EXERCISE REQUIREMENTS: The reply should repeat all of the data word for word, with no pictures.

•••••

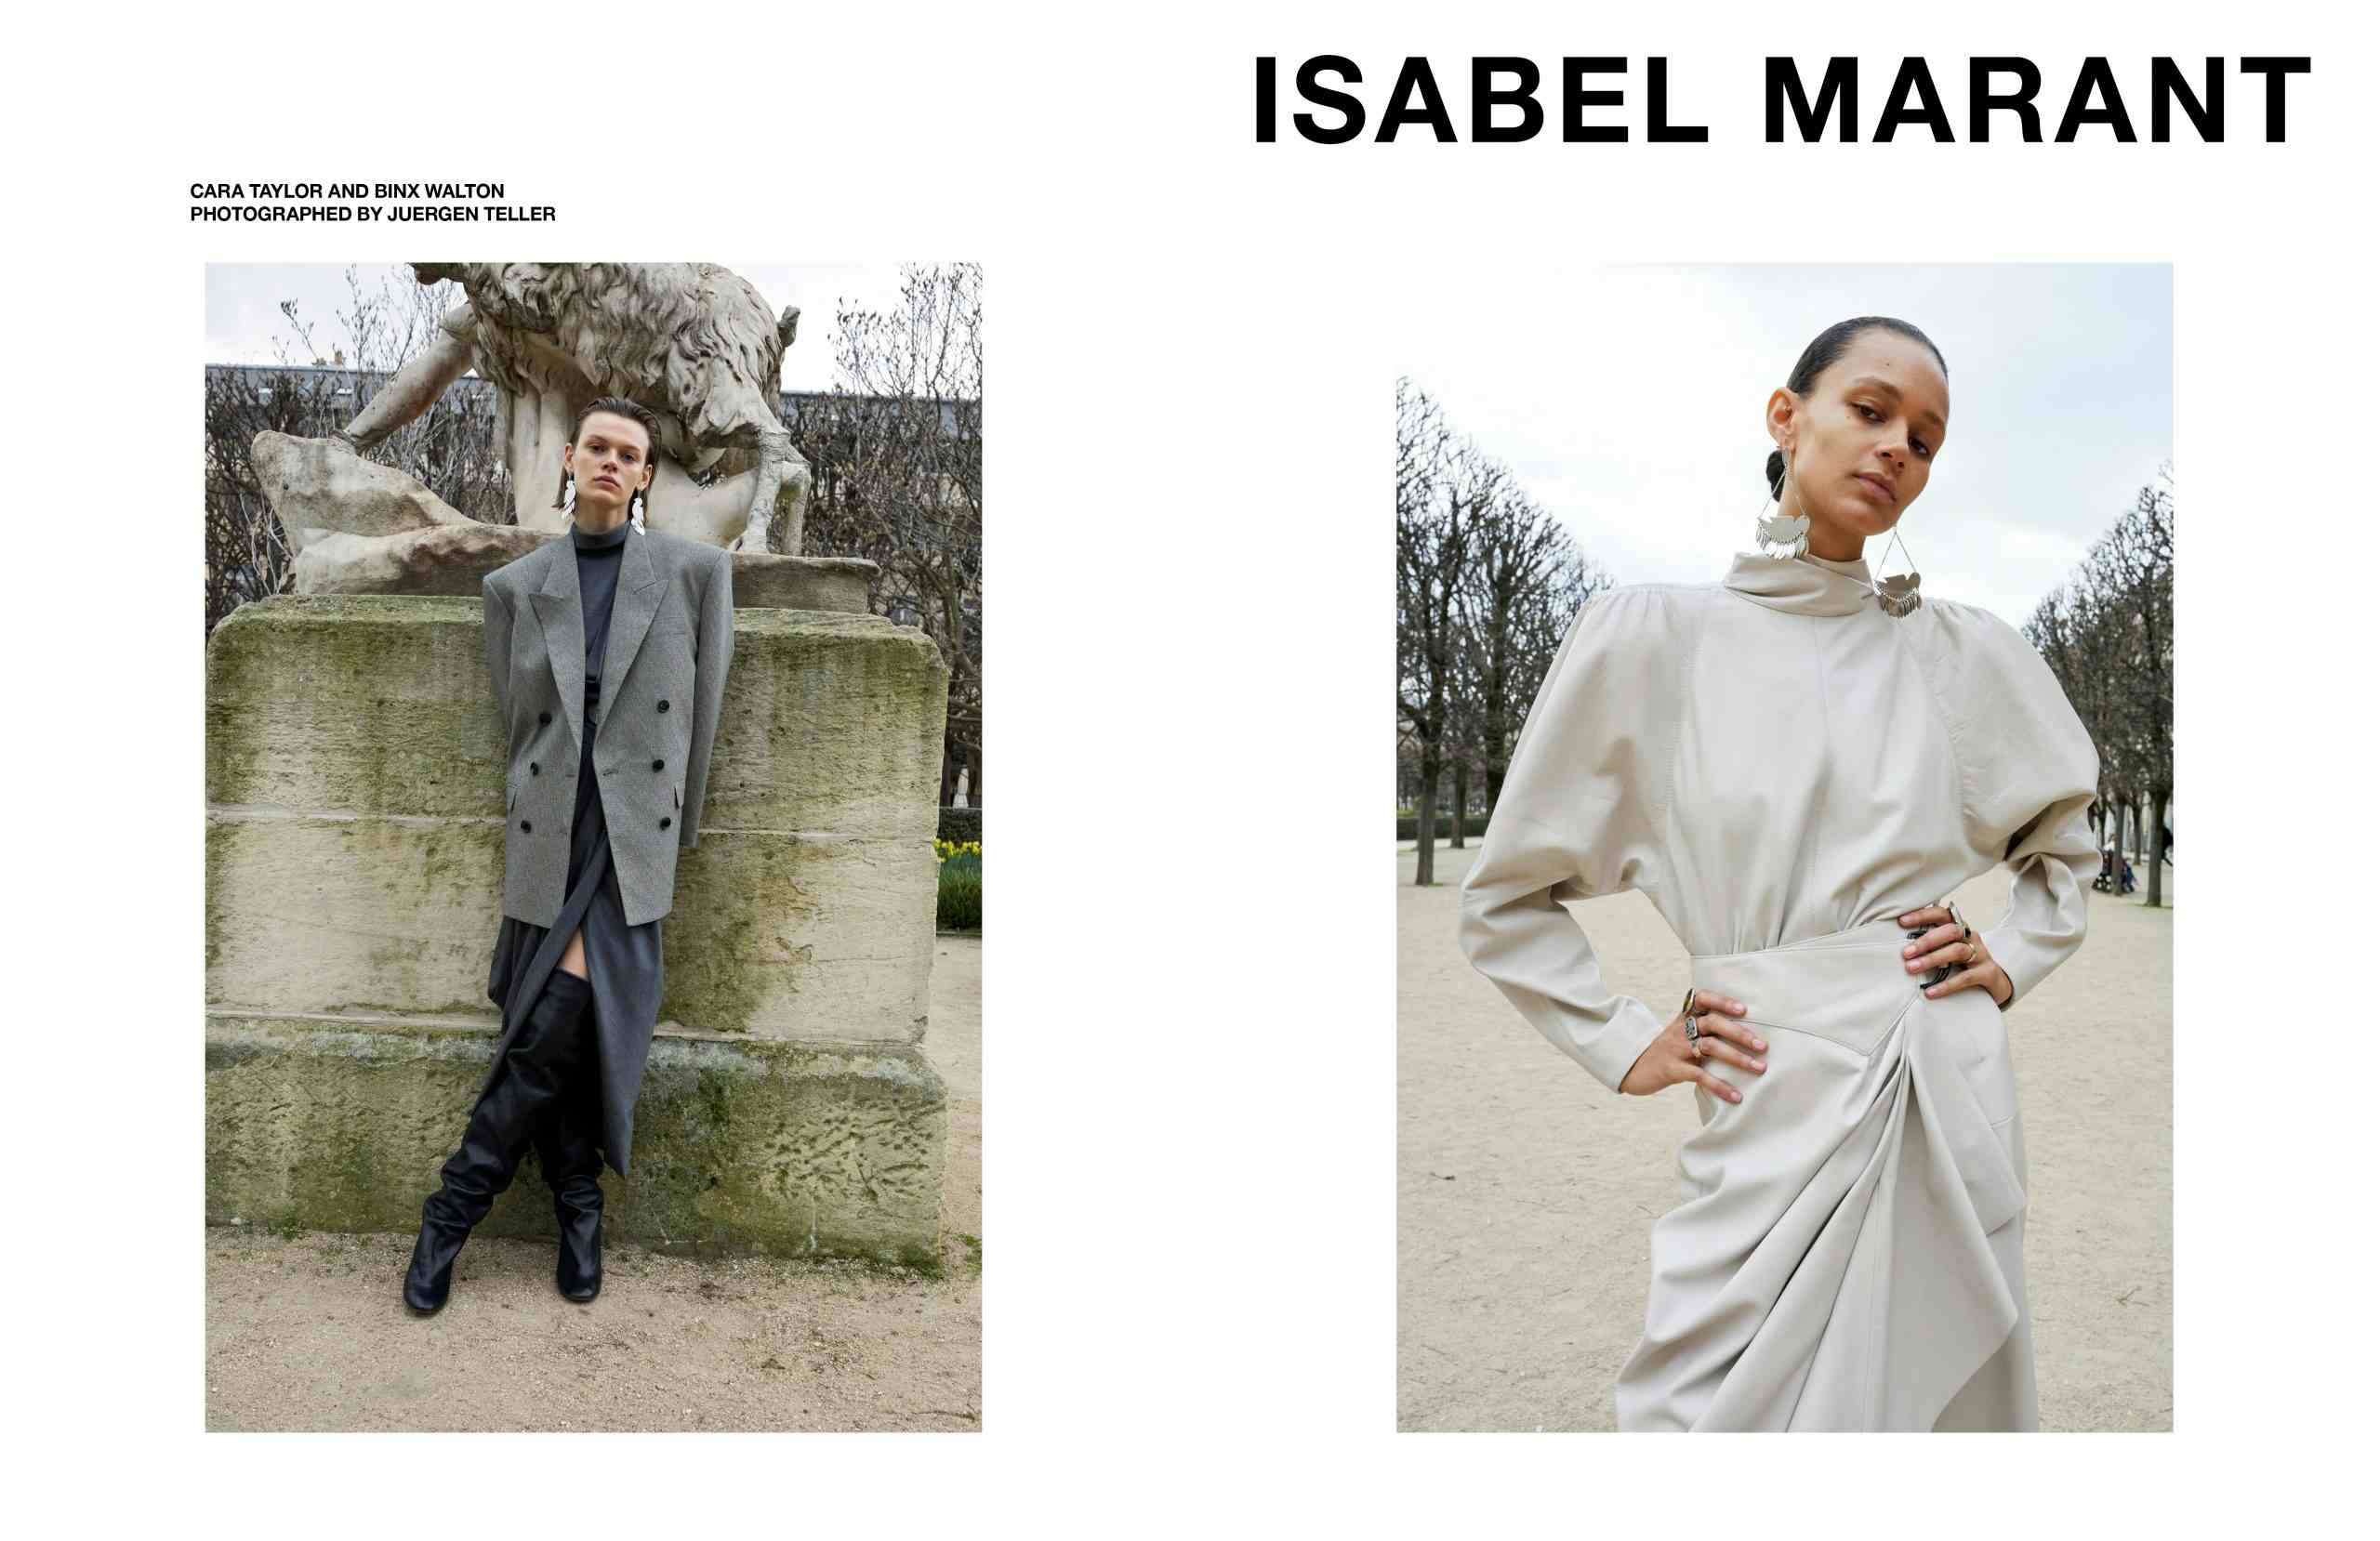 ISABEL MARANT - Fall 2019 Campaign
Photographer: Juergen Teller
Model: Anna Ewers, Cara Tylor, Binx, Parker Van Noord
Stylist: Géraldine Saglio
Location: Paris
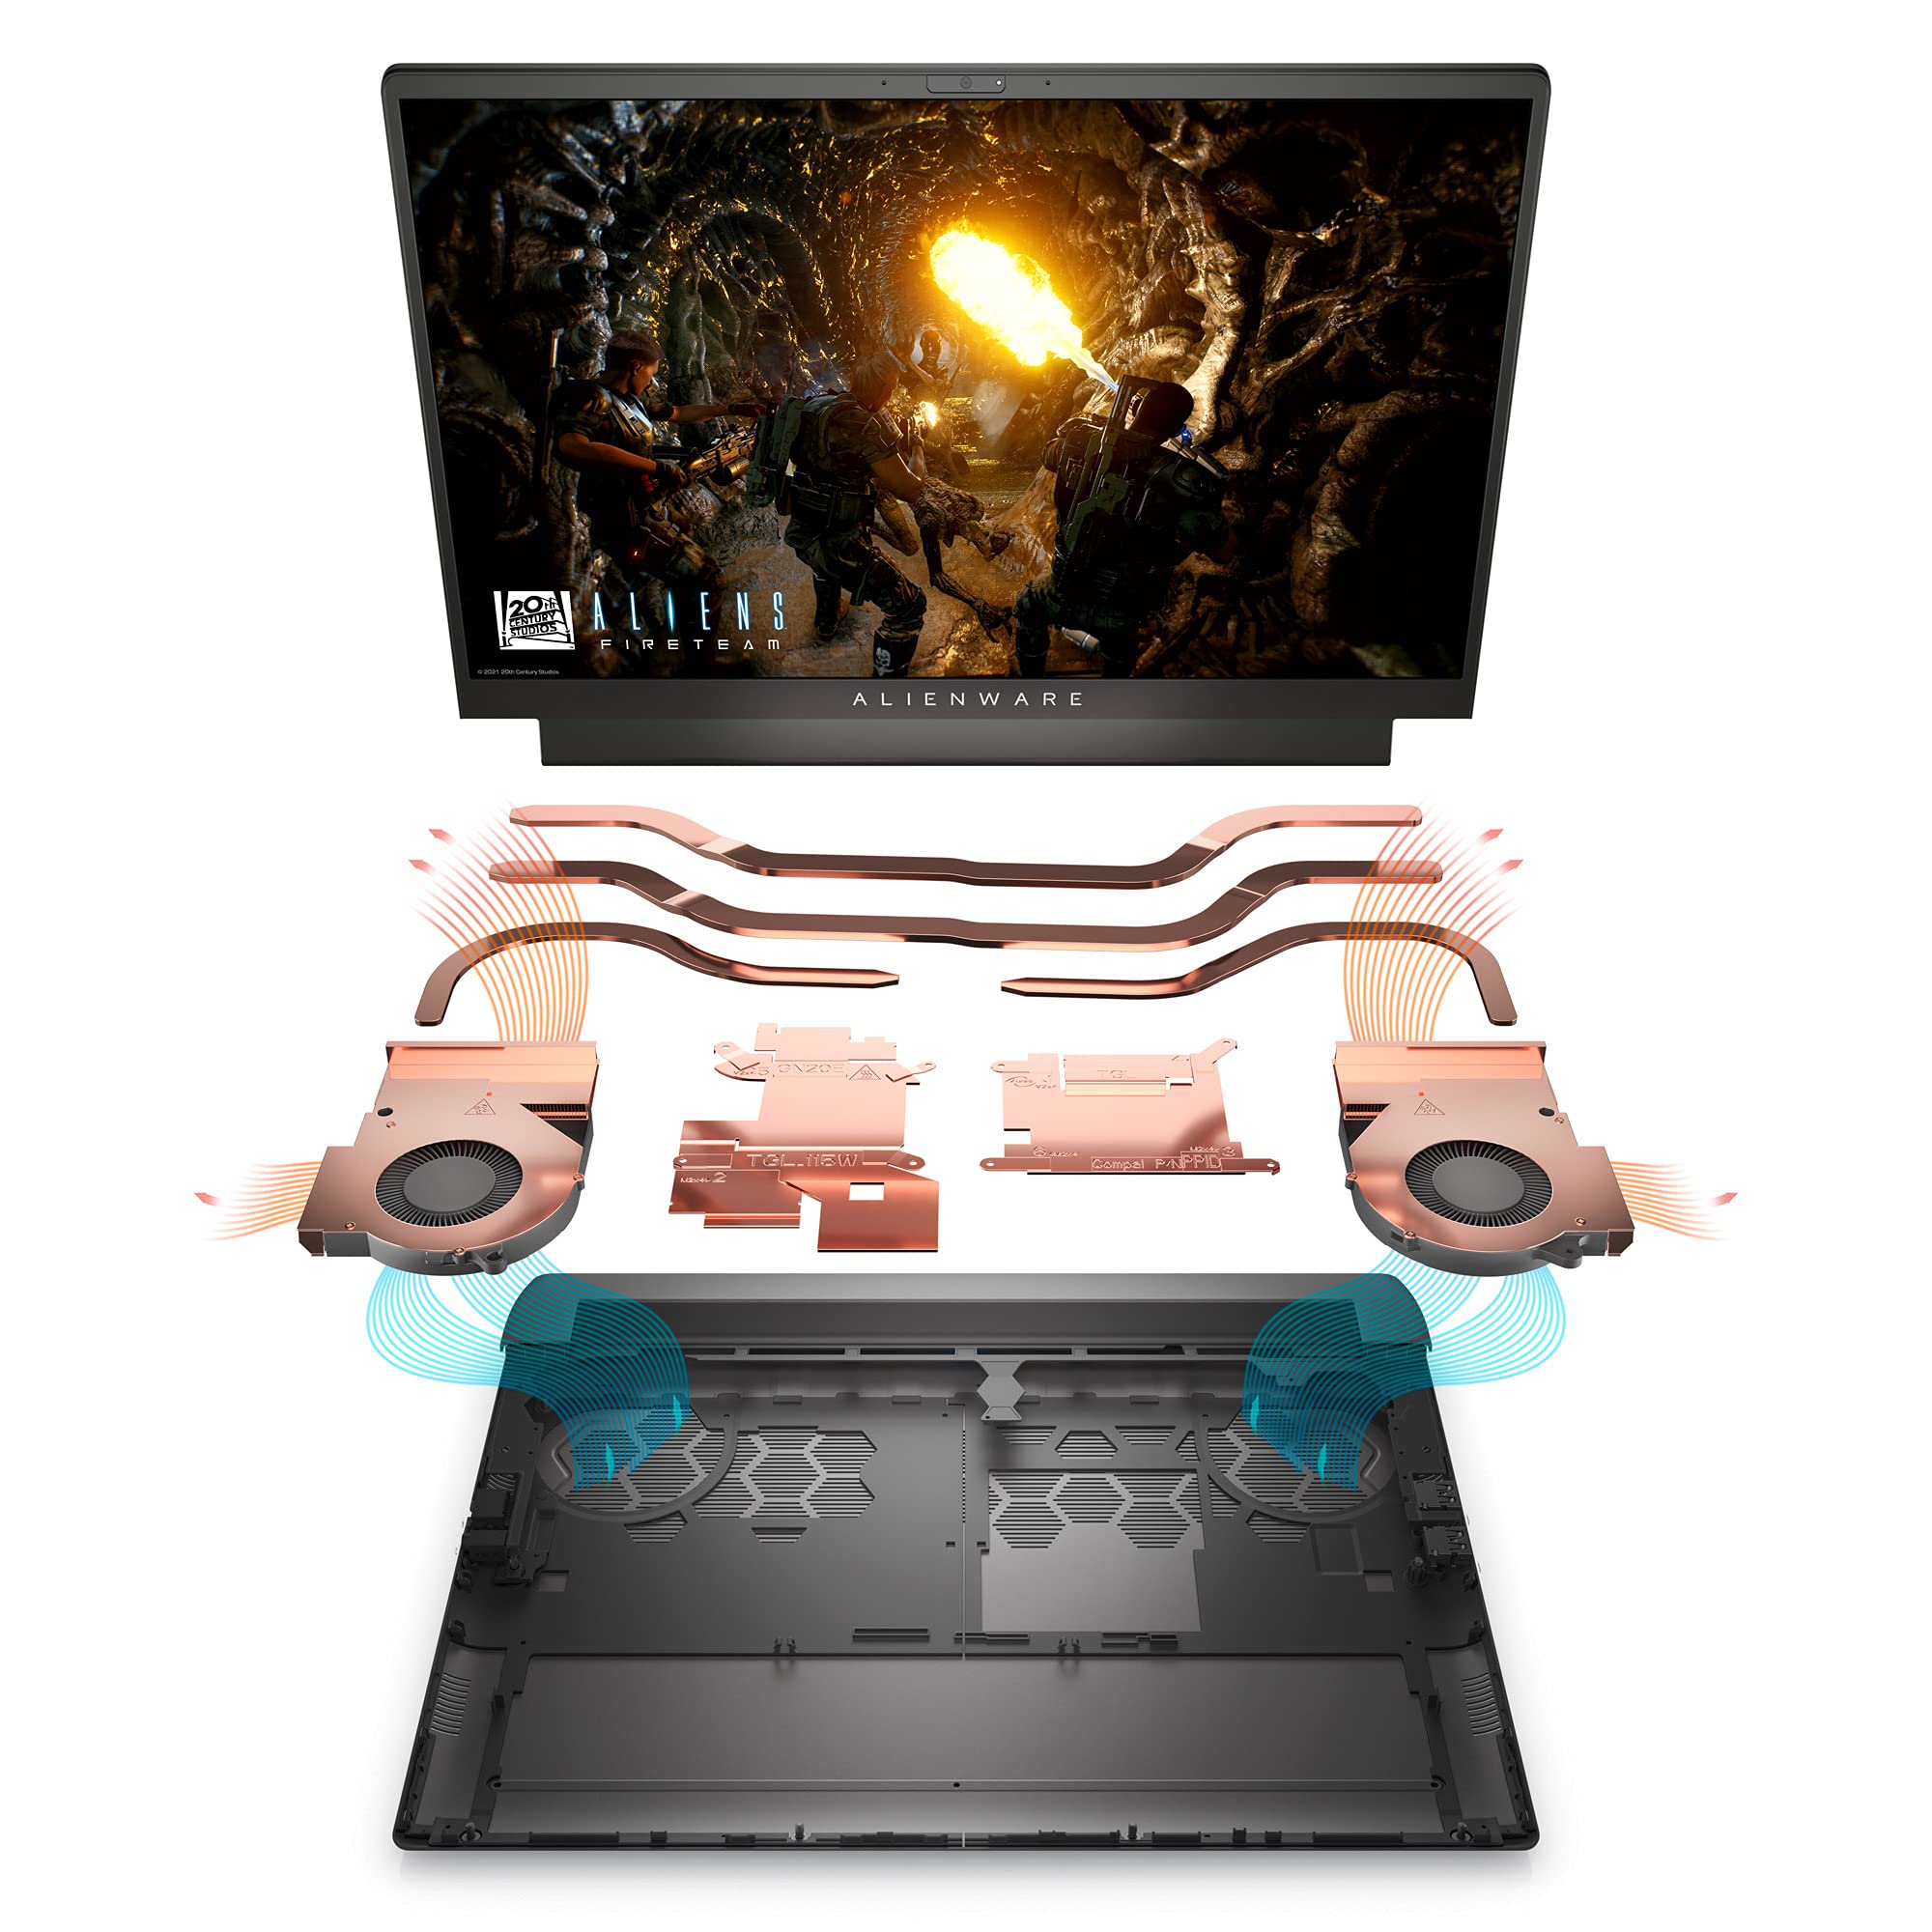 Alienware M15 R6 VR Ready Gaming Laptop - 15.6 inch QHD Display, 240Hz Refresh Rate, Intel Core i7-11800H, 16GB DDR4 RAM, 512GB SSD, NVIDIA GeForce RTX 3070 8GB GDDR6, Windows 11- Black

•••••

TASK RESULT:
 ISABEL MARANT - Fall 2019 Campaign
Photographer: Juergen Teller
Model: Anna Ewers, Cara Tylor, Binx, Parker Van Noord
Stylist: Géraldine Saglio
Location: Paris
 Alienware M15 R6 VR Ready Gaming Laptop - 15.6 inch QHD Display, 240Hz Refresh Rate, Intel Core i7-11800H, 16GB DDR4 RAM, 512GB SSD, NVIDIA GeForce RTX 3070 8GB GDDR6, Windows 11- Black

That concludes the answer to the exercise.